Da ultimo, trovo corretta la decisione di avvalersi di strumenti di lunghezza 21 mm: come correttamente espresso dalla dottoressa Cerutti, usare strumenti corti permette un accesso più agevole al sistema dei canali radicolari e riduce il rischio di fratturare gli strumenti perché li si stressa ancor prima di raggiungere l’imbocco del canale».
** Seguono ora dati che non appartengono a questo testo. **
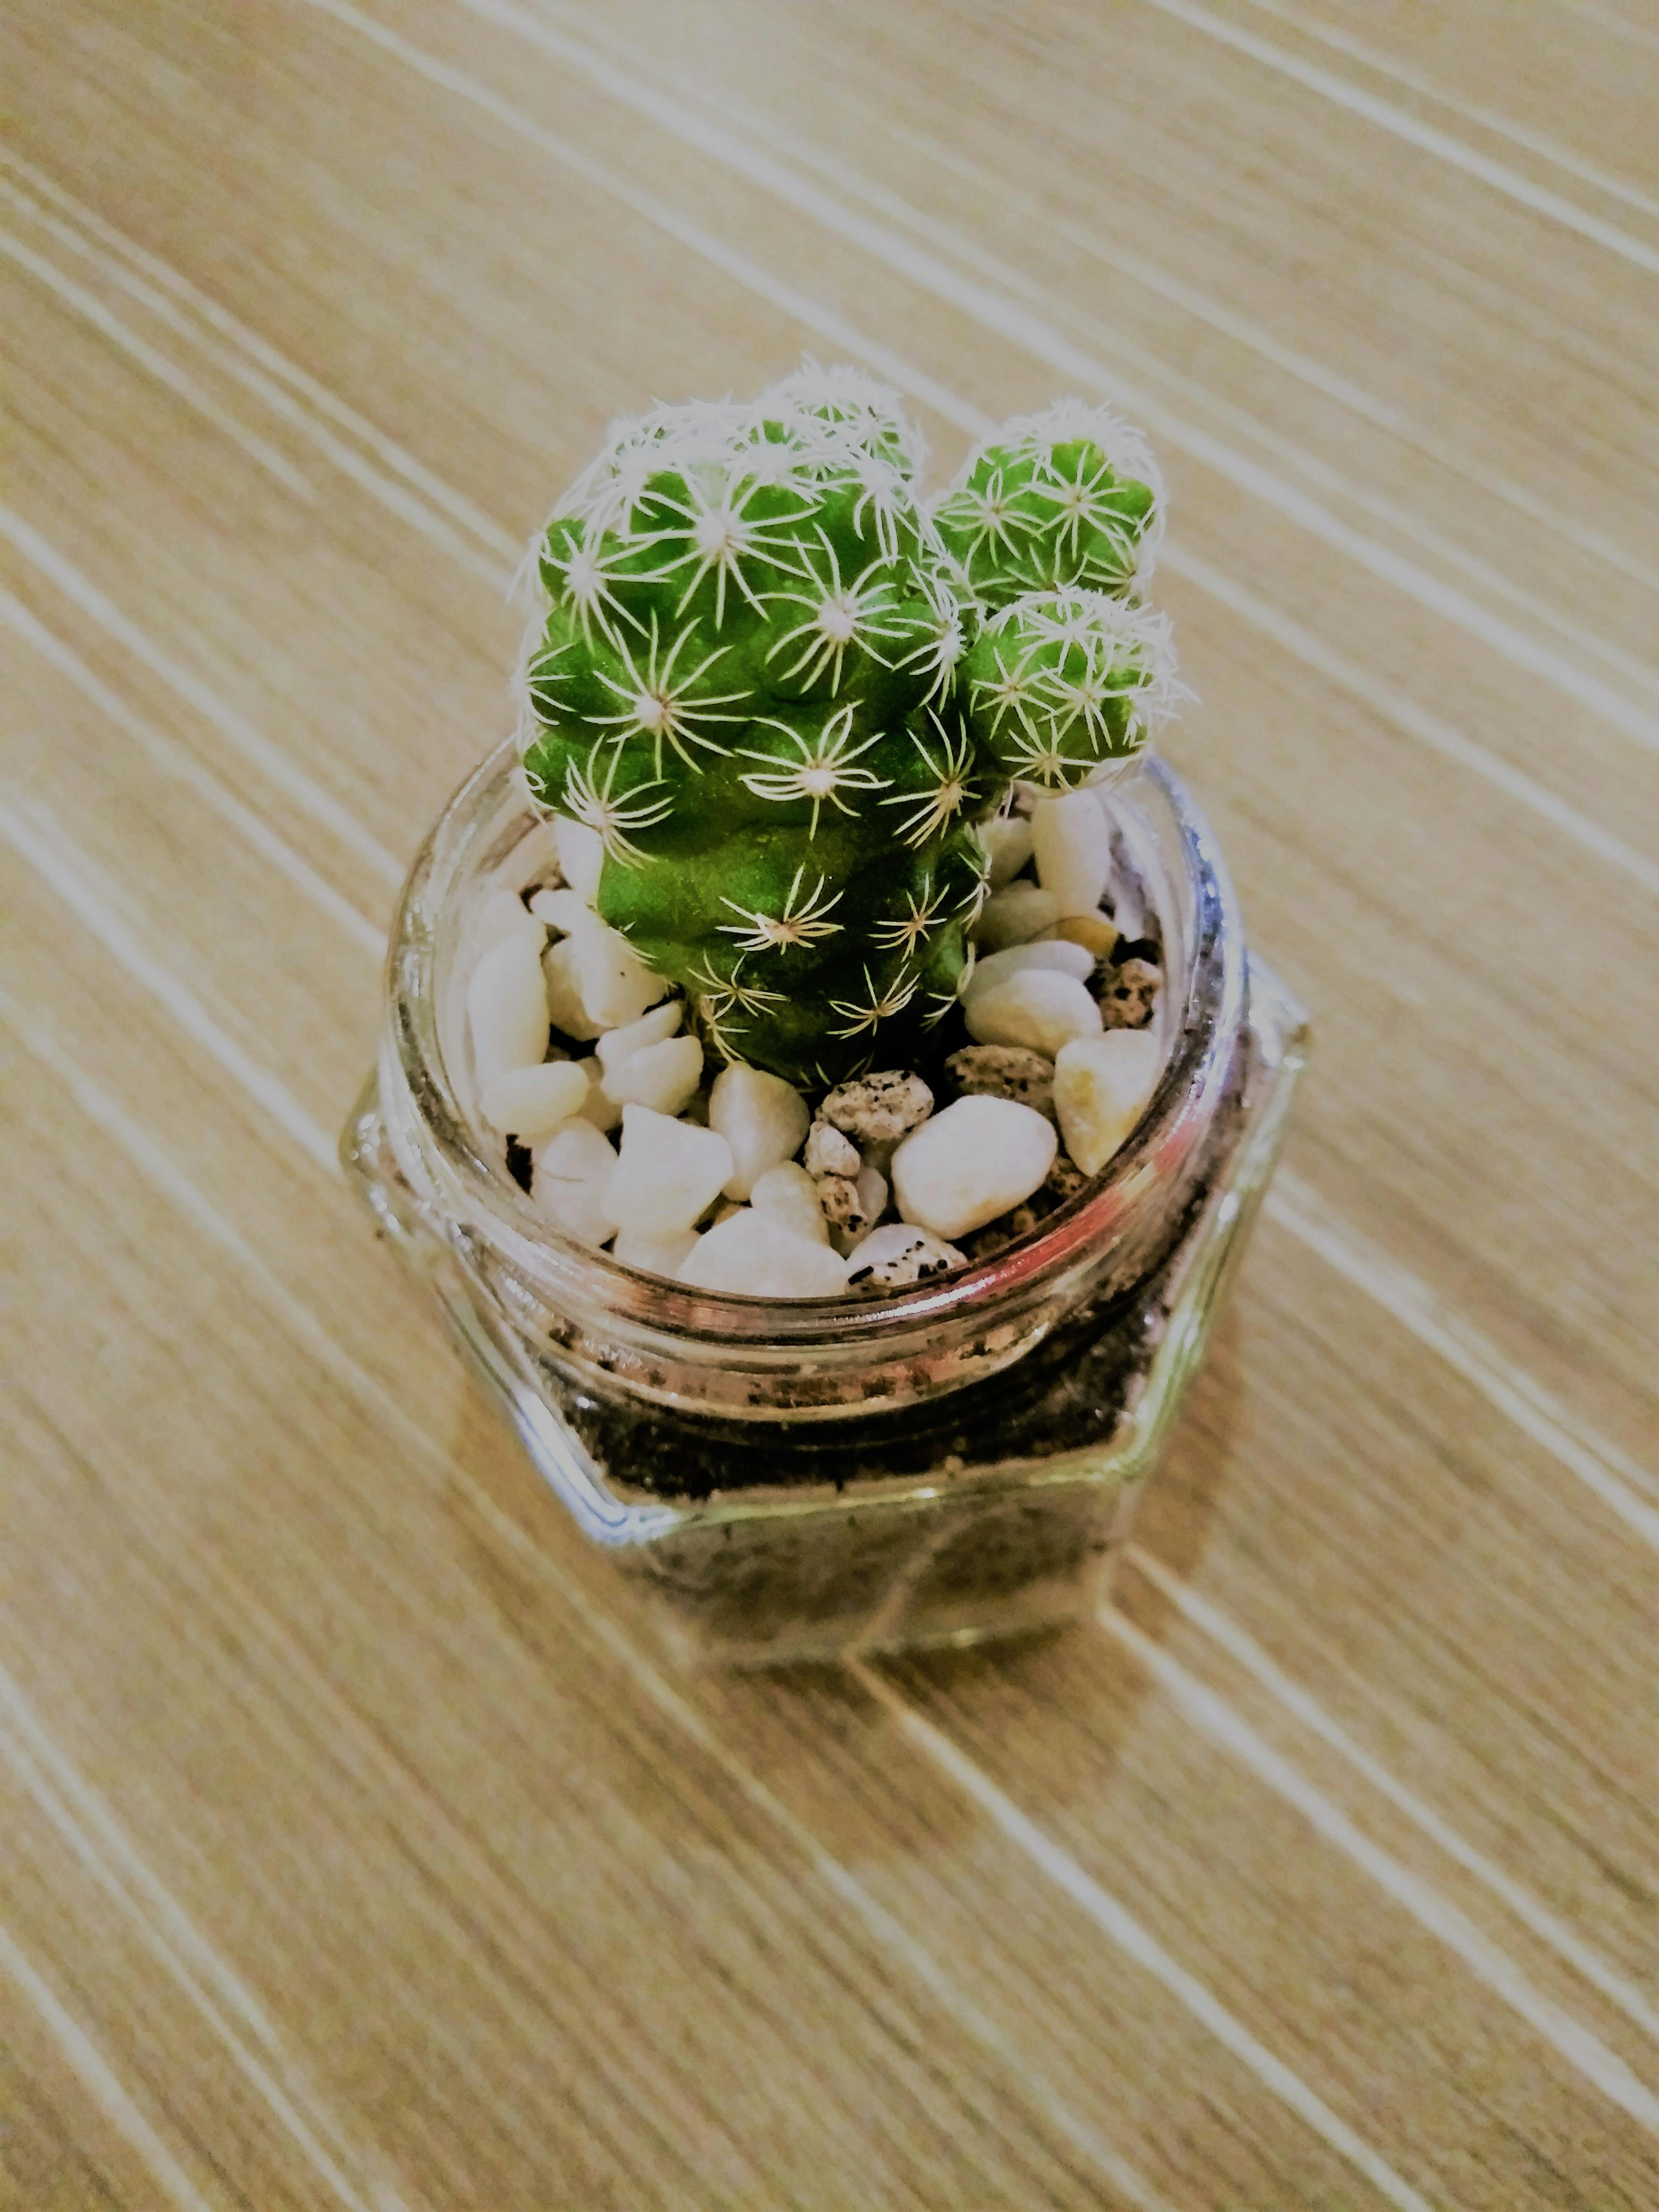 Free stock photo of cactus, officespace, succulent plant

Una volta eseguita la diagnosi ed effettuata l’anestesia (qualora occorra), è fondamentale isolare il dente con la diga di gomma. Si passa poi all’apertura della cavità d’accesso che viene rifinita con punte attivate da ultrasuoni. Le punte hanno svariate forme e dimensioni: per la prima fase è indicato utilizzare un inserto piuttosto grosso, con la punta smussa: questo permetterà di appoggiare la testa della punta sul pavimento della camera pulpare, rendere lisce e uniformi le pareti della cavità e preparare gli orifizi canalari alla sagomatura. Una sagomatura completamente meccanica permette di gestire la maggioranza dei casi clinici accorciando i tempi operatori e diminuendo il rischio di formare gradini o tappi. Gli strumenti in Ni-Ti, con le loro caratteristiche di flessibilità e memoria di forma, permettono di eseguire in tempi brevi sagomature che rispettino l’anatomia canalare. Molto importante è la detersione: anche in questo caso, inserti ad attivazione ultrasonica sono estremamente utili per aumentare l’efficacia dell’ipoclorito di sodio e assicurare la detersione anche nelle porzioni del sistema canalare che non sono state raggiunte dalla sagomatura (es. canali laterali, delta apicali).
Una volta asciugato il canale si passa all’otturazione: se problemi di spazio impediscono di utilizzare i plugger per la tecnica di compattazione verticale a caldo della guttaperca, è possibile optare per le tecniche veicolate da carrier: in questo modo la guttaperca, già termoplasticizzata, è introdotta in modo semplice e predicibile nel canale. Da ultimo seguirà il restauro coronale, perché non si può ritenere conclusa una terapia endodontica se la cavità d’accesso non è sigillata in modo stabile».